I have gone through this kind of issue sometime back! Adding the column back doesn't undo the schema change from the streaming engine's perspective.

When you dropped the column, Delta recorded that as a specific transaction in the table's log (say, version N). When you added it back, that's a separate transaction (version N+1). The streaming checkpoint remembers exactly which version it last processed. When it tries to advance through the log, it hits version N, then drops and fails right there. It doesn't look ahead to see that you re-added the column in N+1. It just sees a non-additive schema change at N and stops.

Think of it this way: the error isn't about the current schema of the source table. It's about the history of schema changes the stream has to replay through. The stream processes the Delta log sequentially, and it can't skip over an incompatible change even if a later transaction "fixes" it.

So even though your source table's current schema now matches what the checkpoint expects, the problematic drop transaction is still sitting in the log between the checkpoint's last processed version and now.

To get past this you'll need to do a full refresh of the affected streaming table in SDP. That resets the checkpoint entirely and starts reading from the current state of the source table with its current schema. In the pipeline UI, you can select just that specific table for a full refresh rather than refreshing everything.

Going forward, if you need to temporarily remove a column from the source, a safer approach is to create a view on top of the source table that excludes the column, and have your SDP pipeline read from that view instead. That way the underlying Delta table's schema stays stable from the stream's perspective.

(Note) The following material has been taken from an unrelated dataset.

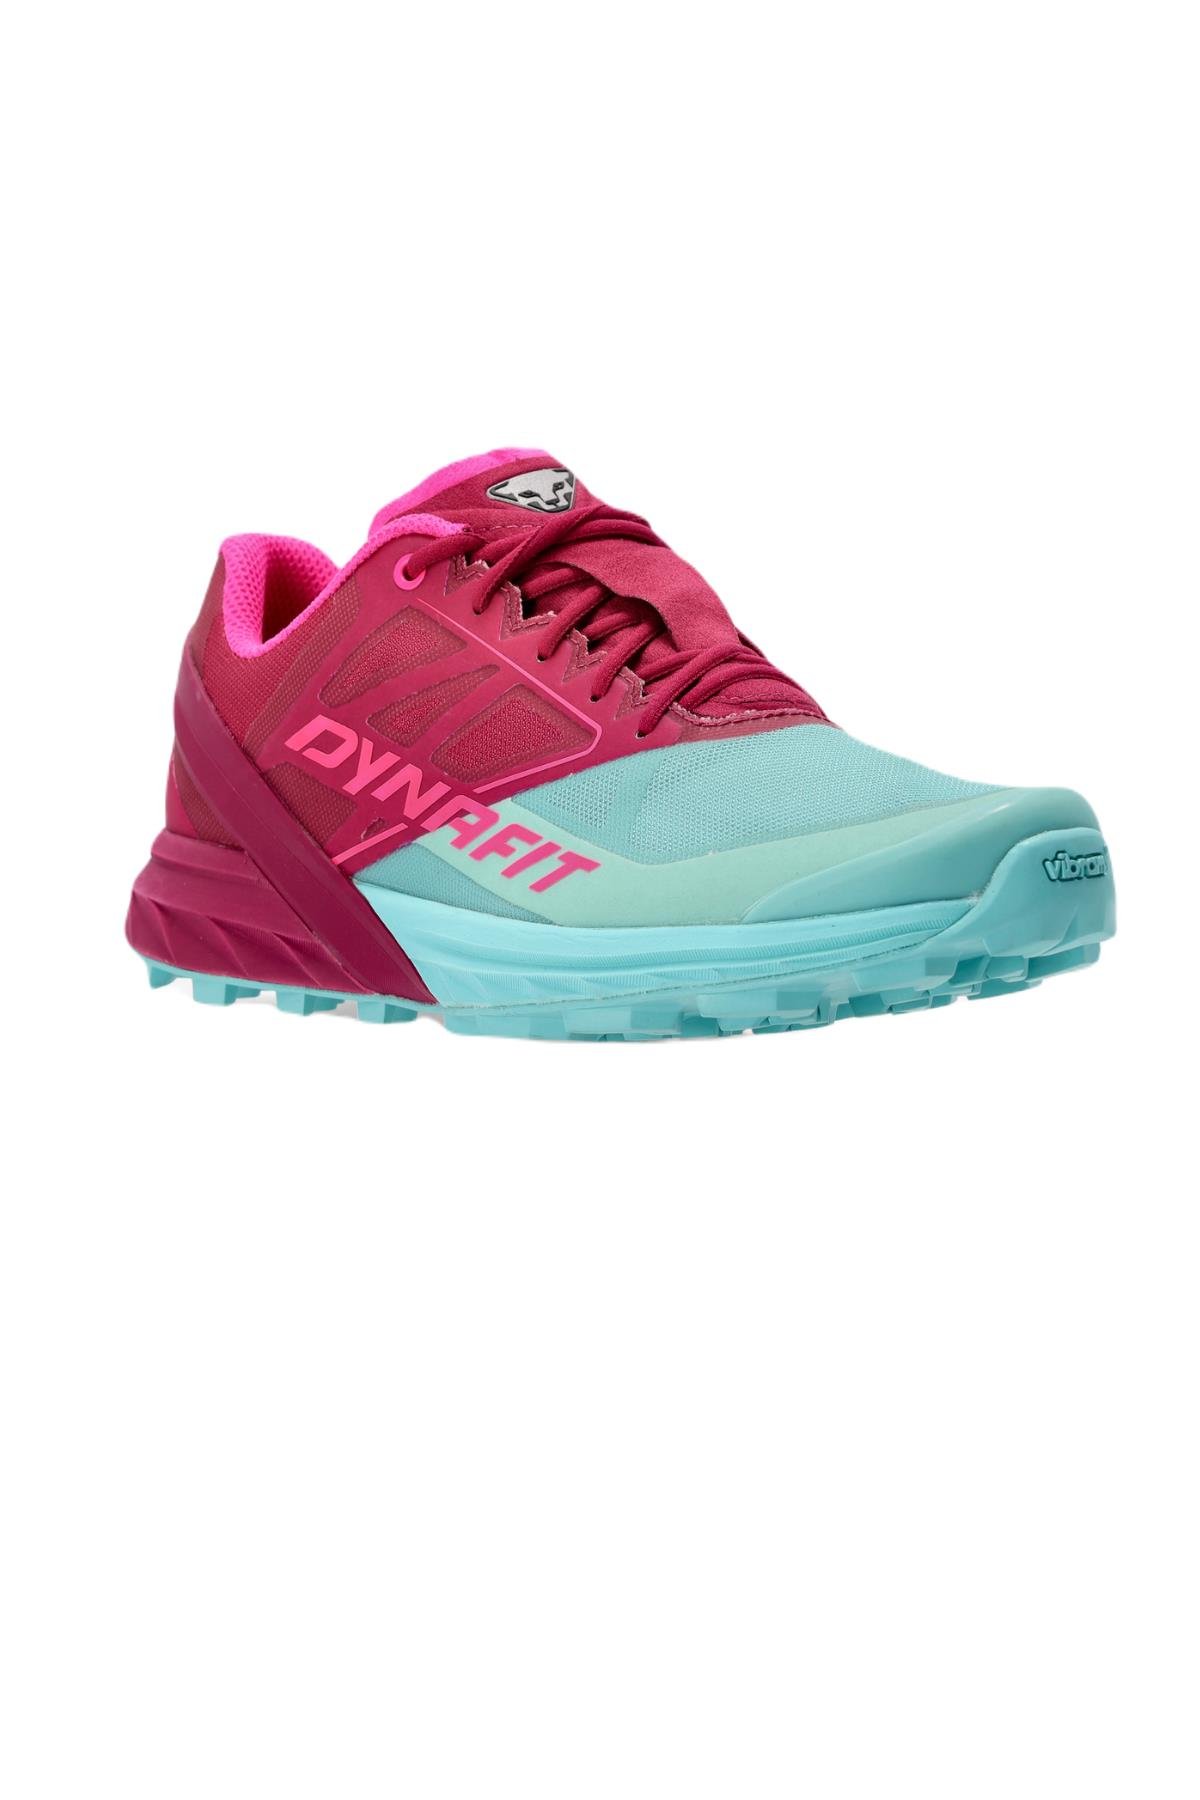 Dynafit Kadın Alpine Koşu Ayakkabısı Pembe/Mavi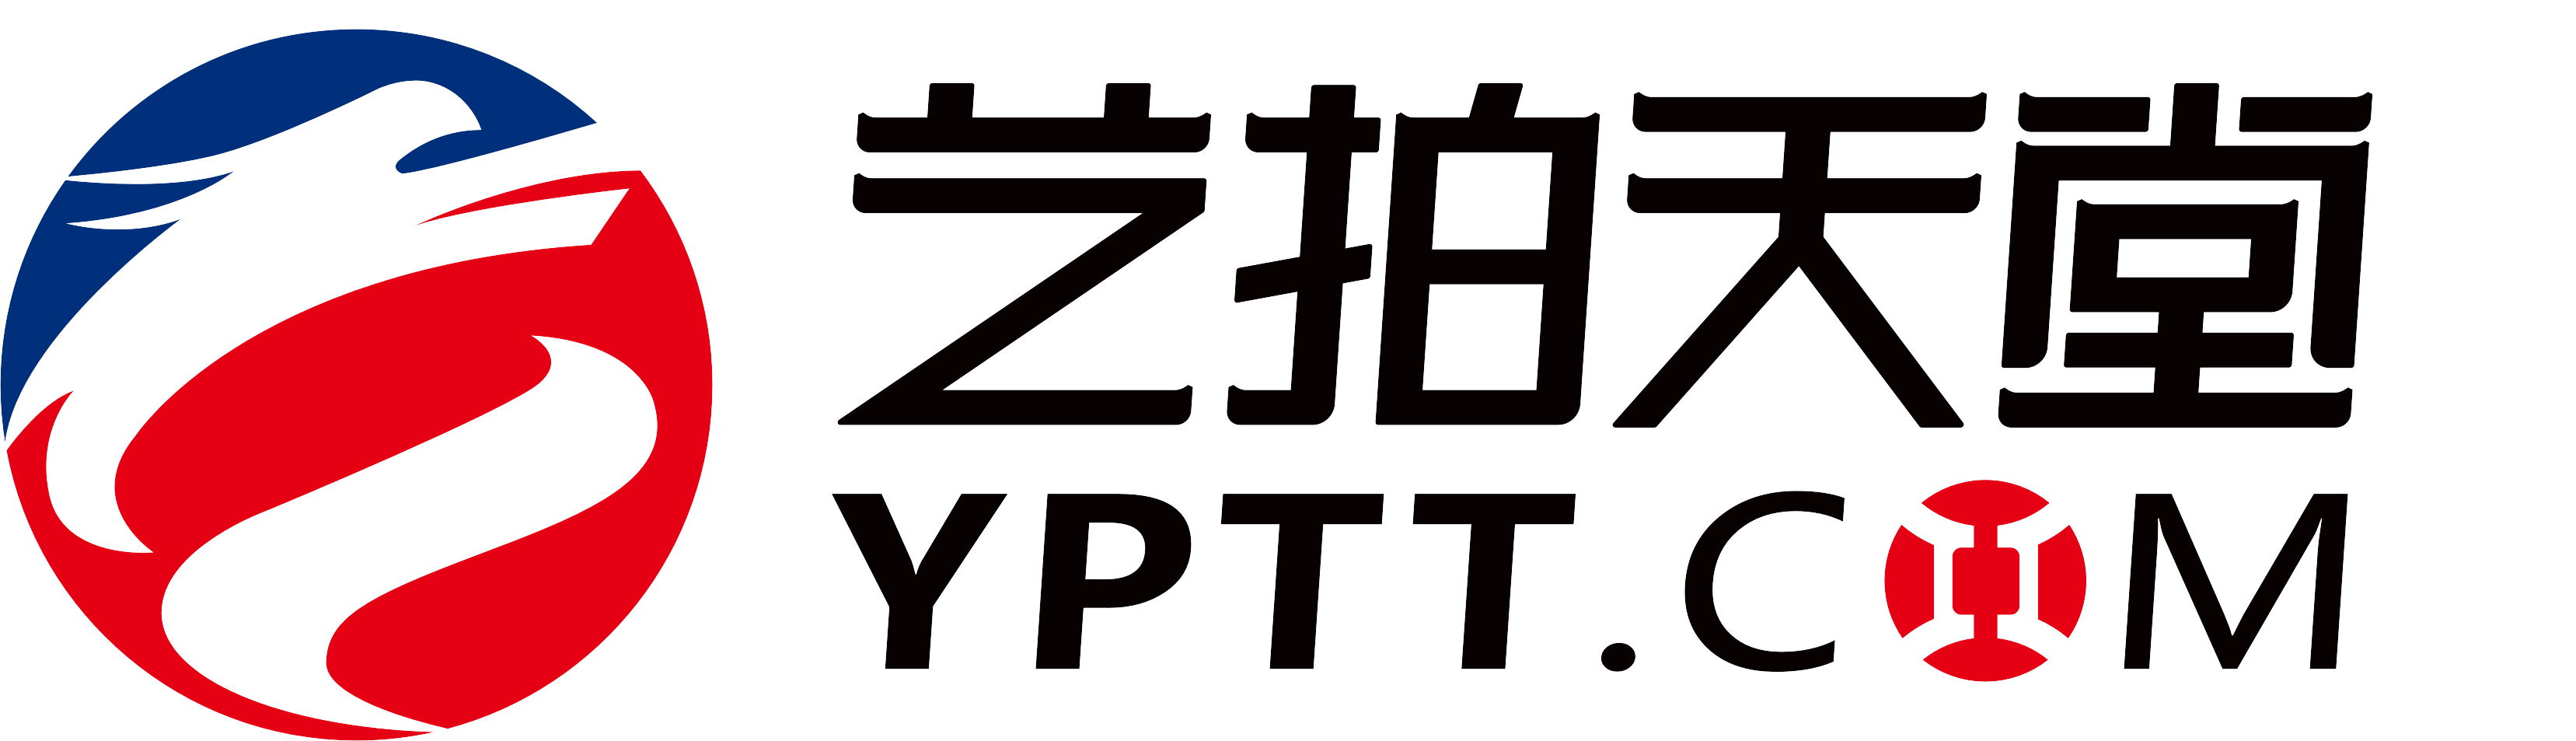 YPTT logo.PNG

Hope this helps! If it did, please mark it as “Accept as Solution” so others can easily find it.

IM_01
Contributor

Hi @Kirankumarbs 
Please let me know if my understanding is correct 🙂
So when it tries to read source table it matches the src schema in checkpoint with the current source schema and add on changes as new changes which are still not part of checkpoint schema 
Suppose If I have added a new column in initial stage then it would do 2 level of comparison
1. source schema
2. new cols
So it does comparison step by step by replaying the previous steps in the version N.

Pretty close, but let me clarify a bit as it is a little more involved and pretty important to understand, so that you know what you are doing, and it helps to debug further or whenever you come across it again!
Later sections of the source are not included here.